I began watching the weather forecast with my mother before I even went to school. A stay-at-home mom in the days when most moms were, Mom enjoyed watching Dr. Charles Hosler's weather forecast from Penn State on public television's "Farm, Home and Garden" when we finally got our five channel cable television in the early sixties. His first telecasts were actually on WFBG (now WTAJ) Television in 1957. Hosler was in the early stages of a distinguished career and was prompted to start such a show when he was overwhelmed by the ineptitude of "weathermen" in those early days of television. Those early years were in black and white and even predated satellite images.
Weather forecasting in general and Penn State's show in particular have come a long way since those days. When longtime co-host Paul Knight retired last week, another era in the storied history of the show came to an end. It was Knight that was asked to co-host the show in its present format, Weather World, in 1983 with fellow Penn State Meteorologist Fred Gadomski. During my days as a high school Earth Science, we often watched videos of the previous night's Weather World in my class, for the show's fifteen minute format and educational elements made it an exceptional teaching tool.
The only university-based television production of its kind in the country, I have always believed that the show's teaching value went beyond the classroom, though. For Weather World and its predecessor shows also attempted to bring atmospheric science education to the masses. Even regular viewers that did not have science backgrounds became well-versed in what made the weather what it was and found interest in the research and special topics discussed on the show. Knight, Gadomski and the other outstanding Penn State meteorologists have bought into Hosler's original goals of educating while raising the bar of expectations for television weather forecasts.
"It has been our goal from the beginning to both inform and educate our viewers and the fifteen format has allowed us to do so," Knight affirmed.
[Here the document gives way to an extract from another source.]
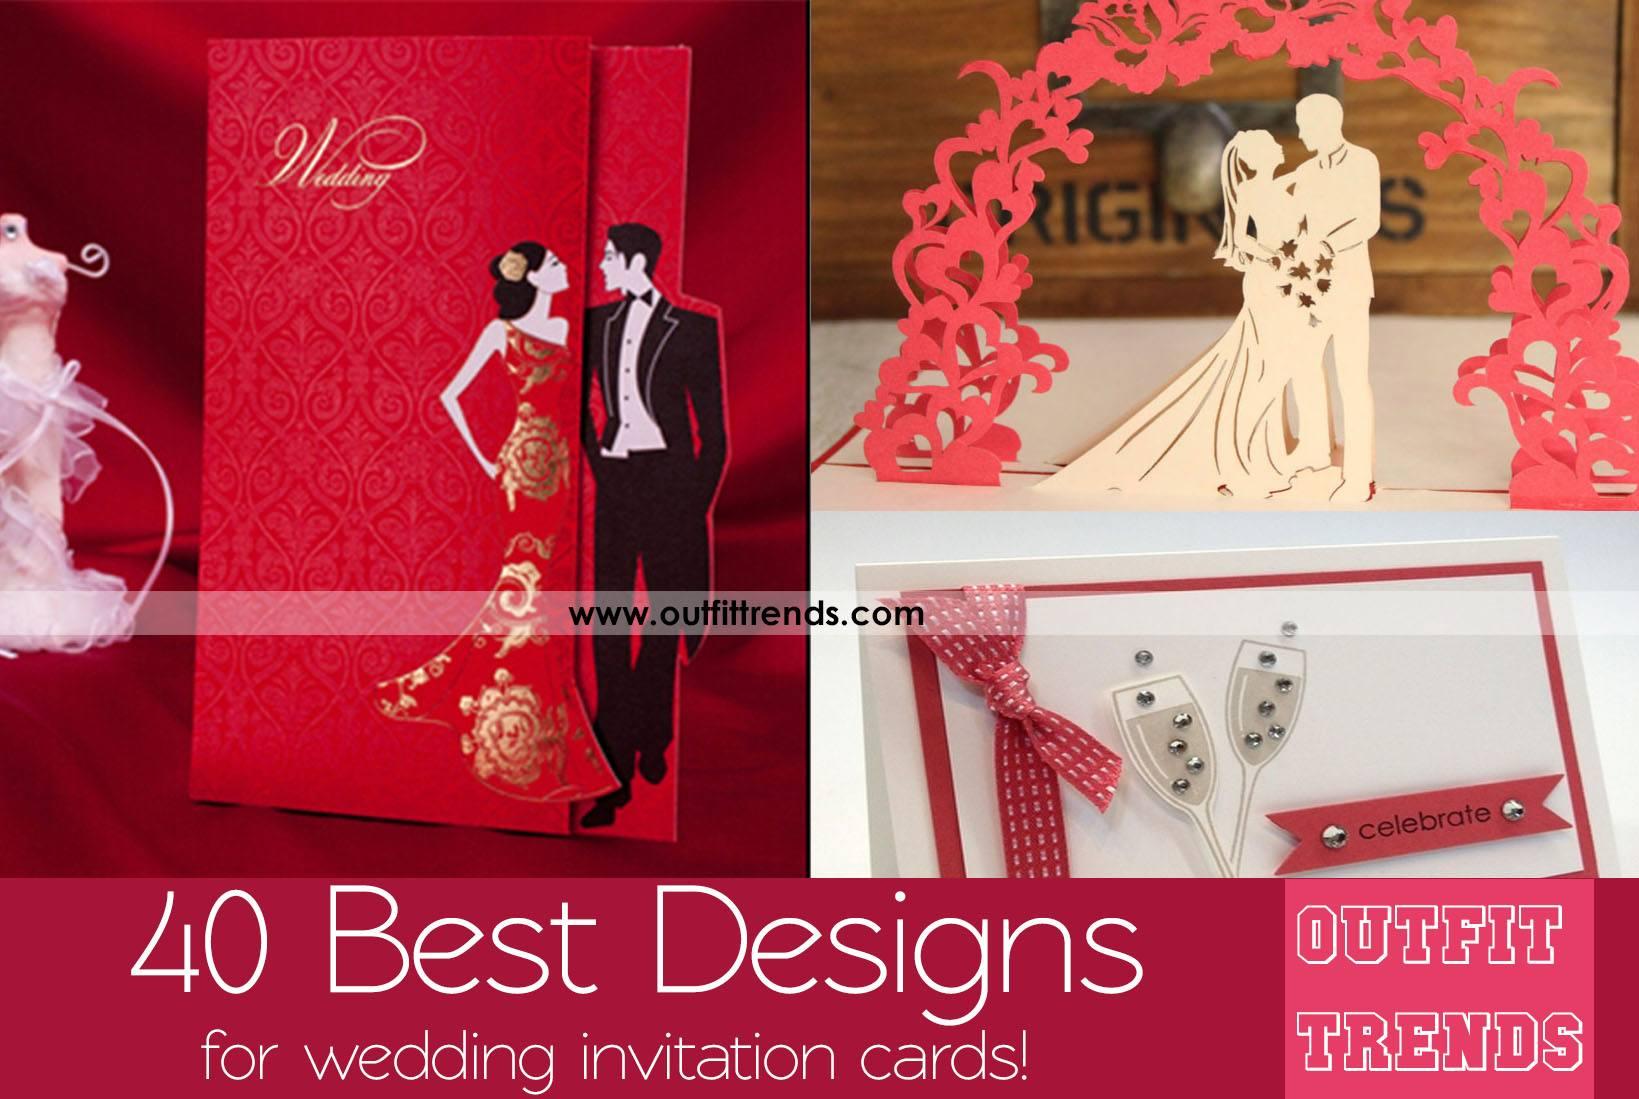 40 Best Wedding Invitation Cards And Creativity Ideas

Knight also reinforced the idea that the quality of local news forecasts have come to value that instructional element that helps everyone better understand what makes the weather machine work. "Our colleagues at the commercial stations have much less air-time to do so, but a number of them in this region do their best to educate as well," Knight notes. Having perhaps the most highly respected meteorology academic programs in the nation, Penn State meteorologists are spread across the country and have risen to the top of the weather industry in government, the private sector and on television. So this "inform and educate" philosophy has spread across not only our region but across the country in no small part because of Penn State's influence.
Coincidentally, one of Knight's vivid forecasting memories celebrated its thirtieth anniversary the same week he retired. Knight recalled that he and the crew successfully predicted the outbreak of tornadoes that swept across eastern Ohio and north central Pennsylvania the day before they devastated nearby Parker Dam State Park. Not surprisingly, Weather World didn't just predict the outbreak but explained why it happened. Weather World airs on PBS and PCN every weekday evening at 5:30 and 5:45 p.m. and is replayed on PBS World at 6:00 and 6:45 p.m.